Eric is a father of three who enjoys time outside with his family, a Little League coach, a former Jeopardy contestant, and the husband of the Rev. Charlotte LaForest, who leads St. Andrew Episcopal Church in Longmeadow, Mass., and has given the benediction at Loomis Chaffee graduations. 

“I am someone who likes to keep moving … and she has been a grounding influence in terms of what our prevailing values should be,” Eric says.

When he reflects on his role as a department head, he thinks of his wife’s work.

“She does a lot of pastoral work,” Eric says. “I see my primary job as being someone to whom my colleagues can turn. Beyond the pastoral element, in the secular sense, it has been important to me to provide opportunities for myself and colleagues on where to go next … not in some overwrought way, but to structure departmental time so we are always asking questions: ‘Do we need to do it this way?’ or ‘What if we try this?’

“We have a beautiful blend of veteran [teachers] and newcomers, and the veterans are not stuck in their ways, so there is much exchange about how to learn, how to teach, and how to be part of a community.”

Eric says he has learned from his colleagues, students, and former teachers.

“I have been fortunate to have had a number of mentors and one thing they had in common was a commitment to inquiry,” Eric says. “I think we are in a place culturally where we value answers, hot takes, and immediate replies. Yet, I think back on my favorite teachers and there was a mystery to me as a student in how they would be able to pose questions to make me quiet down and examine.”

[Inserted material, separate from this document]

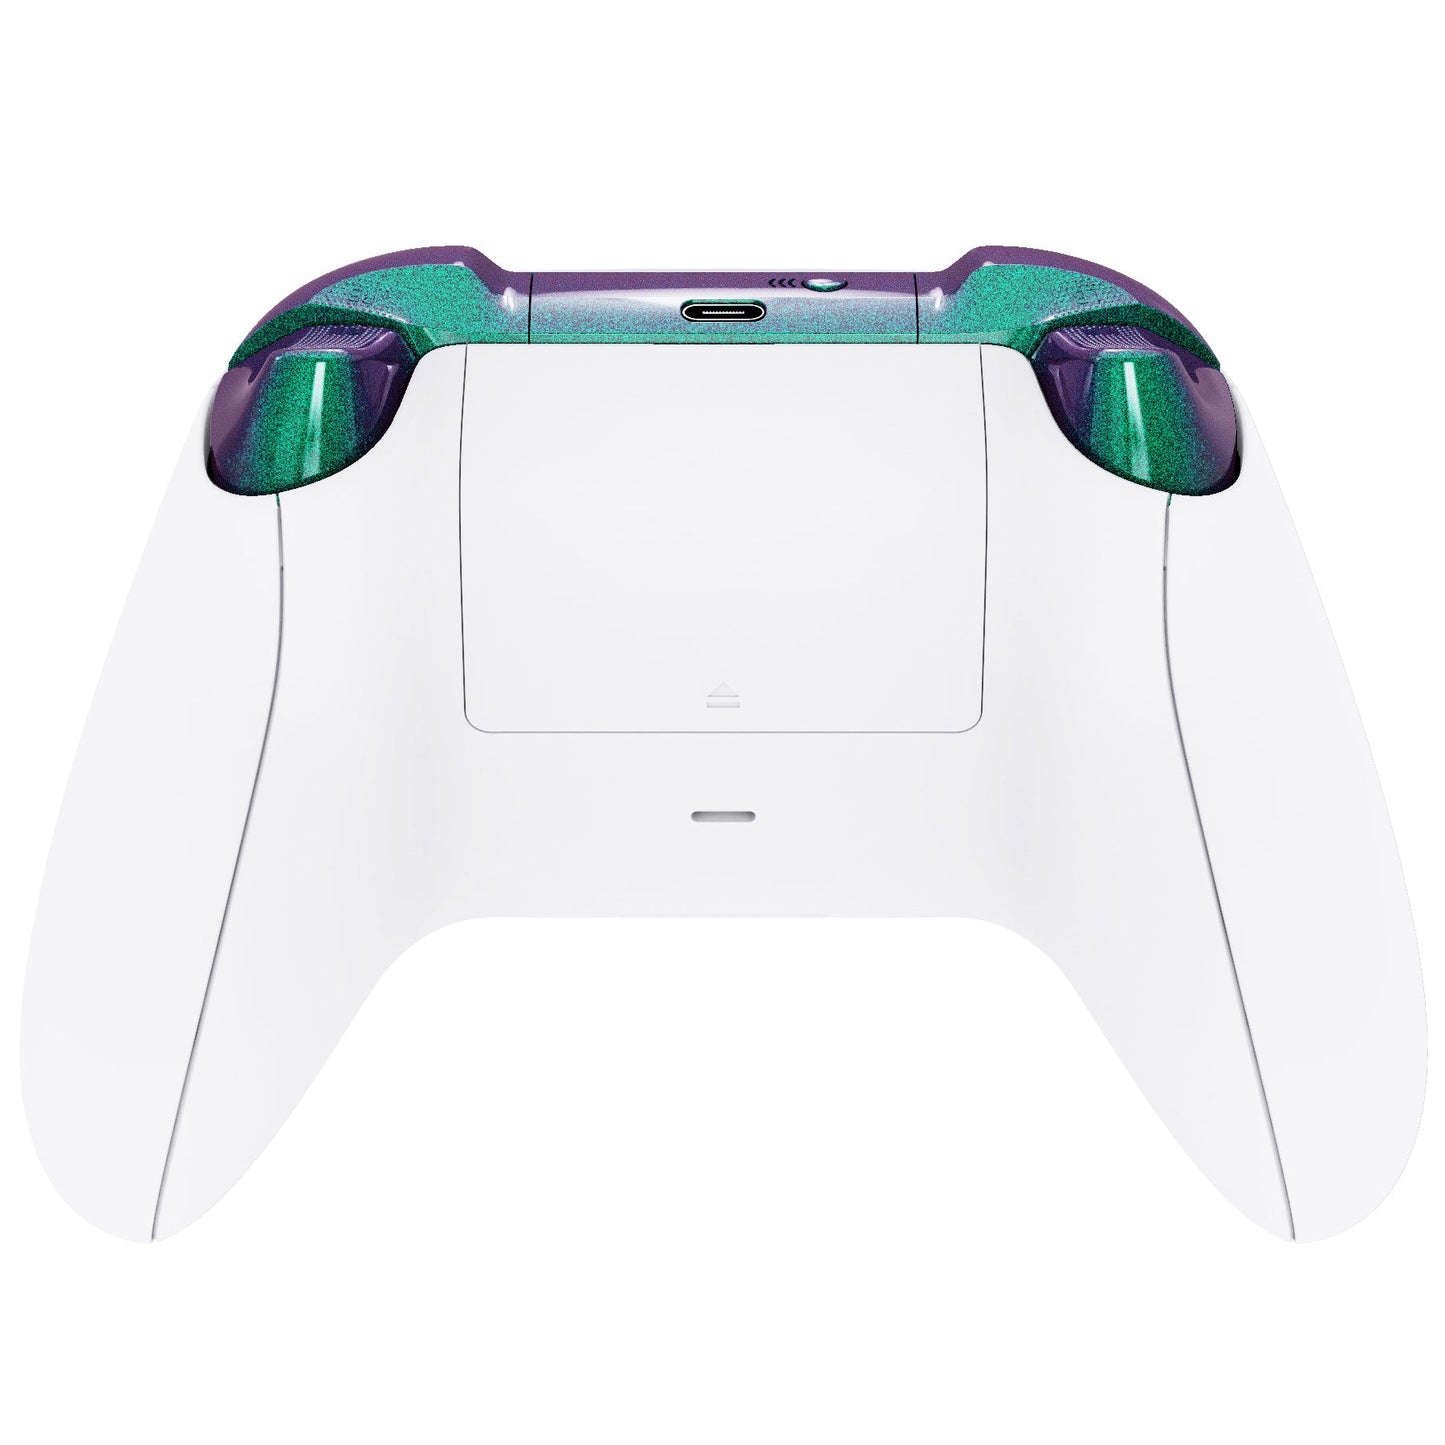 eXtremeRate Retail No Letter Imprint Custom Full Set Buttons for Xbox Series X/S Controller, Chameleon Green Purple Replacement Accessories Bumpers Triggers Dpad ABXY Buttons for Xbox Series X/S, Xbox Core Controller - JX3502

The LaForest family lived on campus for eight years, so there is hardly a place that does not bring back memories. When he has the time, he might duck into Founders Chapel for a quiet moment. He said he is fond of Harman and Richmond halls, having lived there. “And when my friends will put up with me, I enjoy seeing them in their home,” he says with a laugh.

That laugh is a trademark.

“I have a big laugh,” he says, “so when people can make me laugh, I let it loose.”

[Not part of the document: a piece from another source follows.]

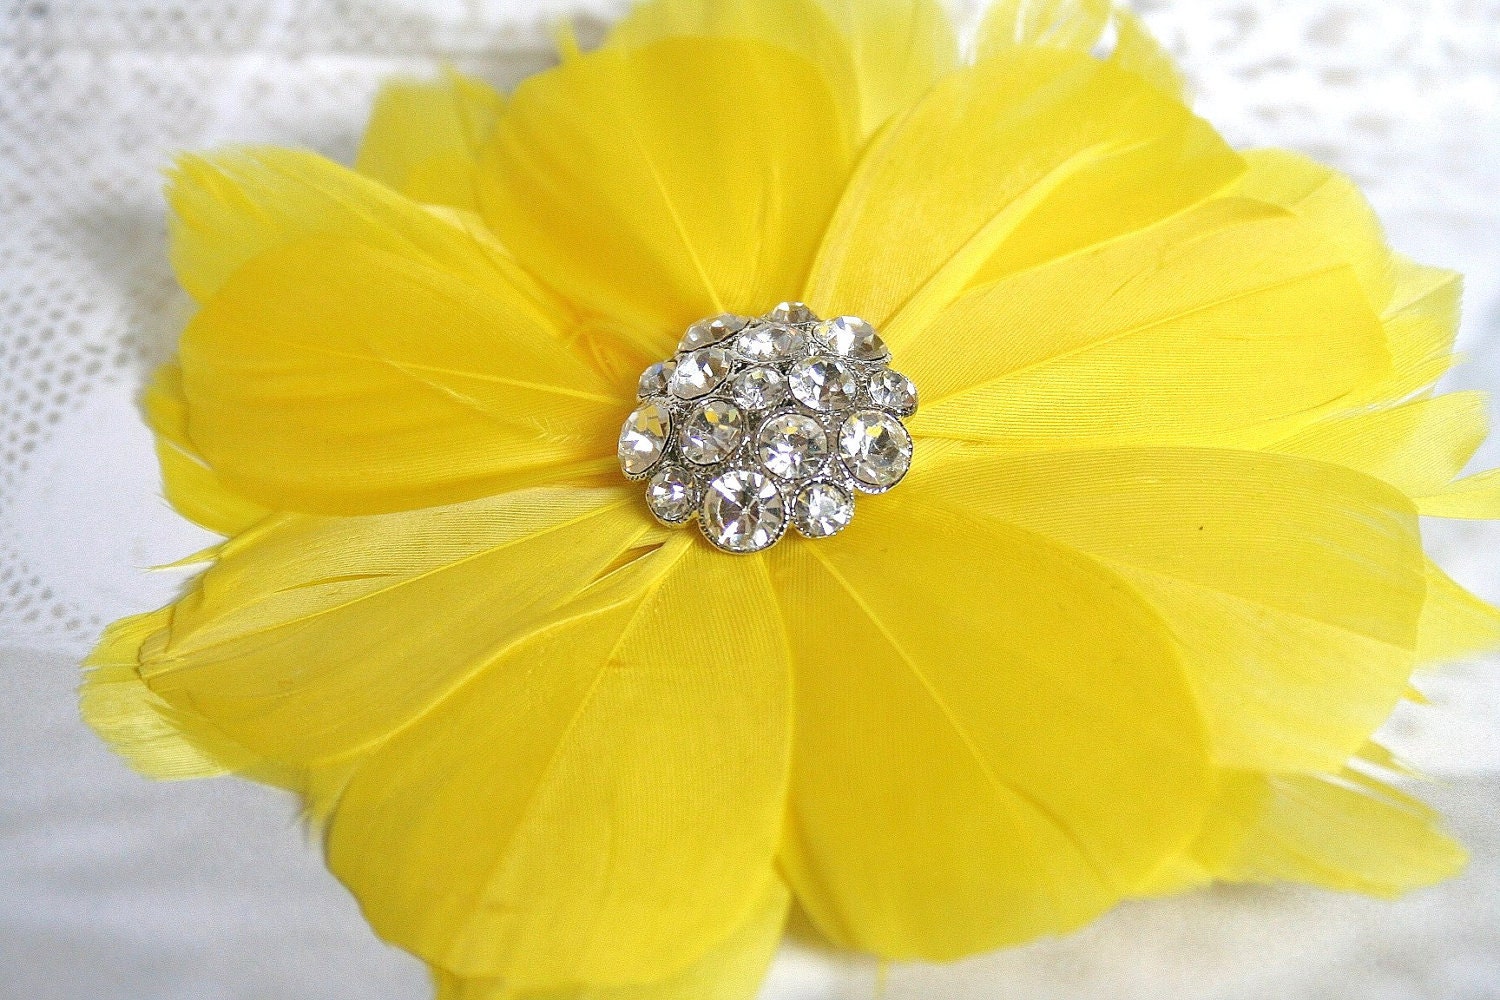 Tags summer yellow hair clip flower hair accessories feathers

Some of those people are his students.

“I enjoy those moments with my students, but I have a serious demeanor in the classroom,” Eric says. “I think students know when they walk in, we are going to get going. I cultivate that but try not to lose sight of the purpose of it all. When I hear back from students and alumni, it usually is not about the serious moments but what we shared in the classroom, some laughs we shared, and smaller conversations on the fringes of things that might mean more than we think in the moment.”

So, about that Jeopardy appearance. The night of Eric and Charlotte’s wedding rehearsal dinner, Charlotte's godfather said he thought Eric should try out for the show. He’d pay their way to California if it happened. Eric did well enough on the online quiz to be invited to an audition in Boston. Next thing you know he’s on the show, standing in front of the longtime host, the late Alex Trebek. He won that first show in 2009 but lost the second by one dollar.

“My students inevitably google me and find this out about me, or they hear about it from someone, so we tend to watch the episode on the last day of classes so they can make fun of me for how I have aged or the little stories that come up when Alex Trebek interviews you,” Eric says.

He then lets out one of those laughs.